Starlink was a key catalyst for SpaceX, giving the company a captive customer that allowed it to ramp launch cadence and upmass on its own terms. New Glenn has its own captive customer in Amazon Leo, the artist formerly known as Project Kuiper, plus a dozen-plus missions targeted for next year and a packed manifest of external customers (including NASA and NSSL certification flights).

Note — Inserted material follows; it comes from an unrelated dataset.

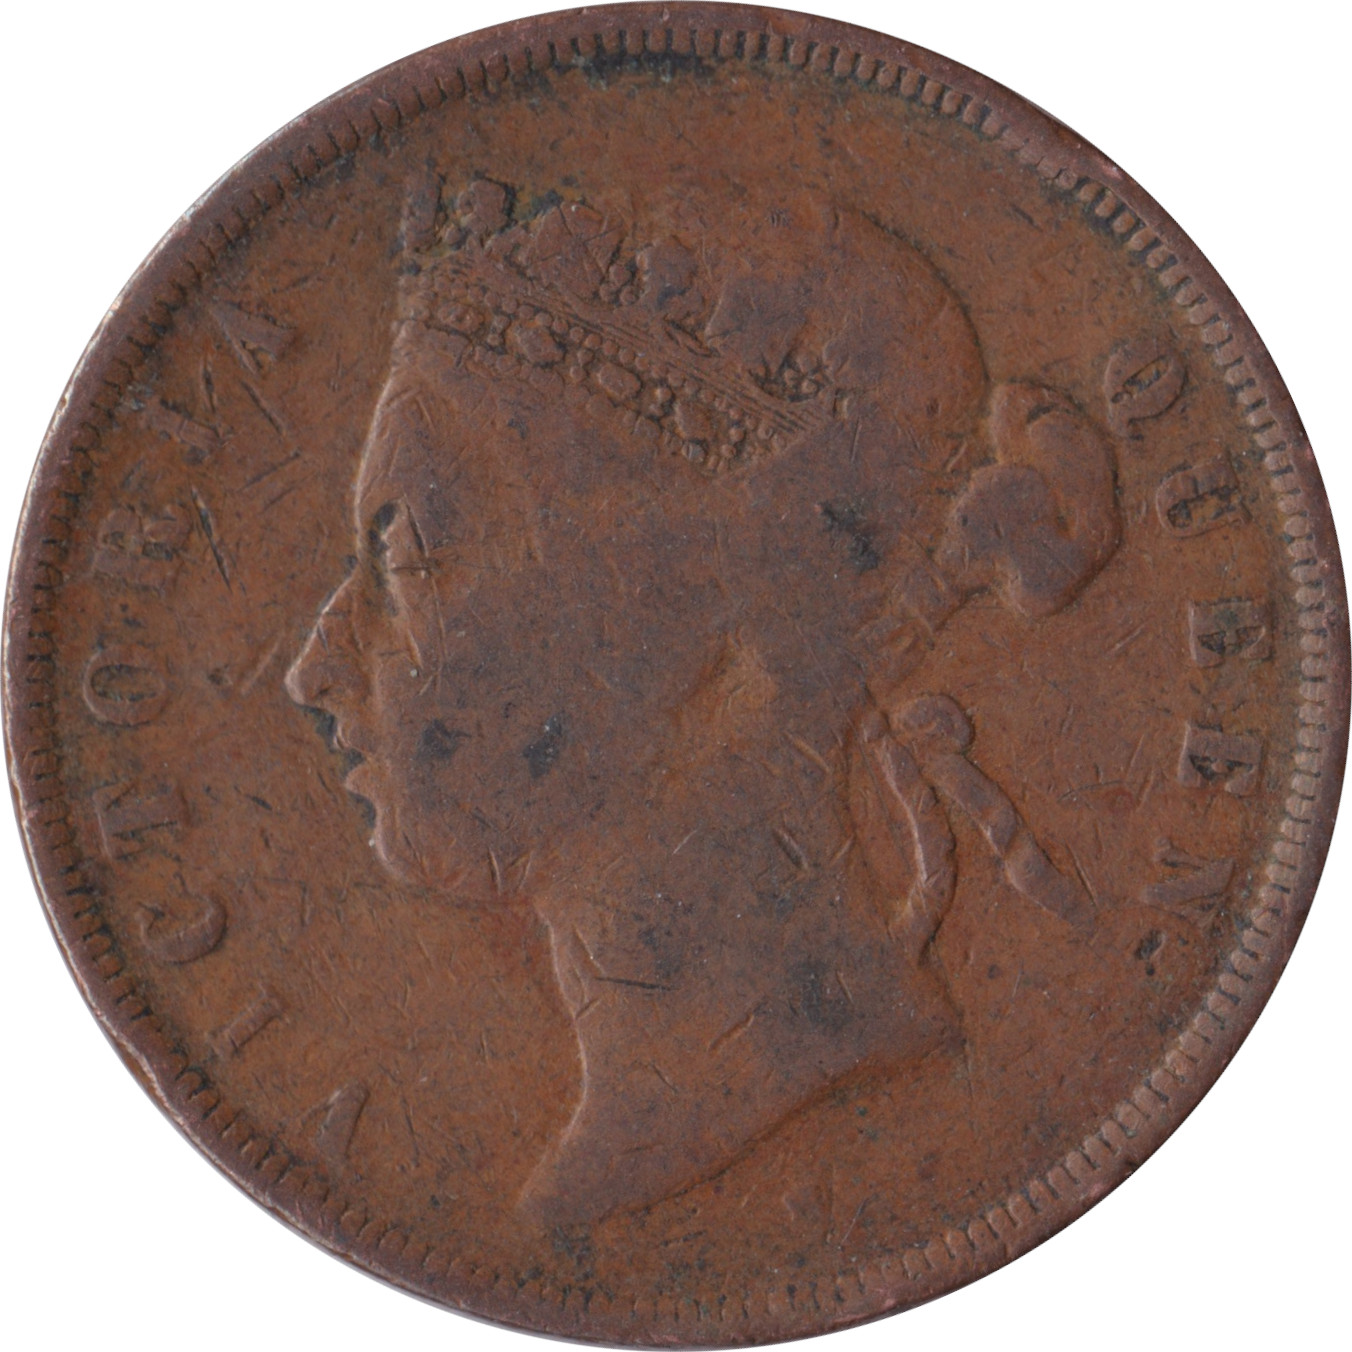 1 cent - Victoria

003 // Chinese launchers waiting in the wings: Three Chinese rockets, all designed for first-stage recovery, are currently lined up at the Jiuquan Satellite Launch Center in northwest China. Each was expected to debut before year-end, but that’s looking less likely now. LandSpace scrubbed the promising Zhuque-3’s maiden launch for unknown reasons, with apparently substantial delays. Space Pioneer’s Tianlong-3 is on the pad but, rather notably, lacks landing hardware. We’ve seen murmurs online that SAST, the state-owned contractor, is leveraging its influence with the Party to push for its rocket, the Long March 12A, “to go first.”

The state-owned CZ-12A, LandSpace’s ZQ-3, & Space Pioneer’s TL-3 (source)
RocketDeveloperPayload (kg)
Zhuque-3LandSpace11,800 kg
Tianlong-3Space Pioneer17,000 kg
Long March 12ASAST12,000 kg

It’s likely that one of these developers will eventually succeed, and become the first non-American entity to propulsively land an orbital-class booster. This would mark the beginning of a two-front challenge to SpaceX’s dominance: Blue from the West, and a rapidly maturing Chinese launch sector from the East.

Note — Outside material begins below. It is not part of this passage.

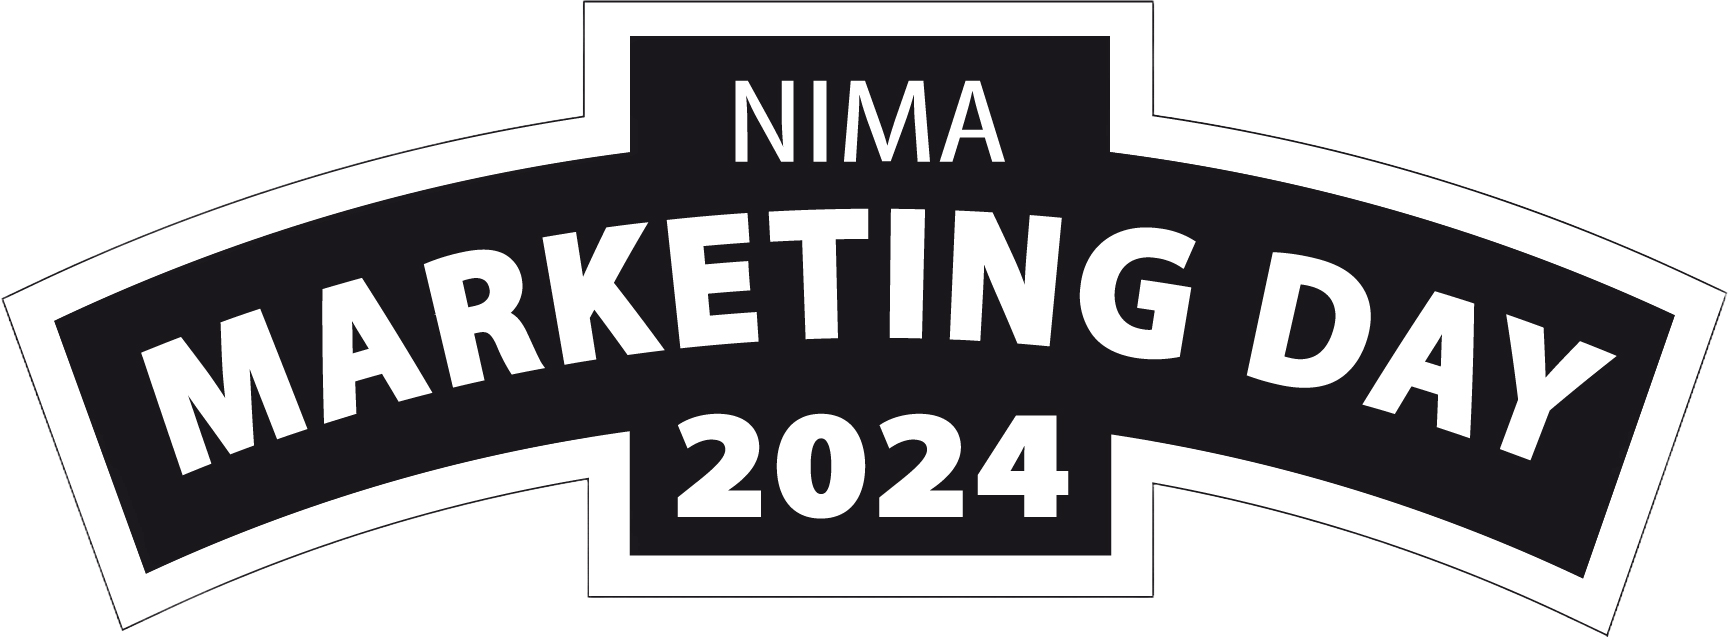 Nima Marketing Day 2024

Per Aspera’s Takeaway: The U.S. faces a manufacturing and hardware development deficit across many strategic technology domains. Fortunately, this does not include rockets (see chart above) and satellites (~70% of active birds are American), thanks in massive part to a singular firm: SpaceX. But competition is a good thing, and with a pacing challenger in the East, now is not the time to take our foot off the gas. The world is already accelerating: in November, humanity flew 31 orbital missions, marking the first time in history we launched more rockets than there were days in the month.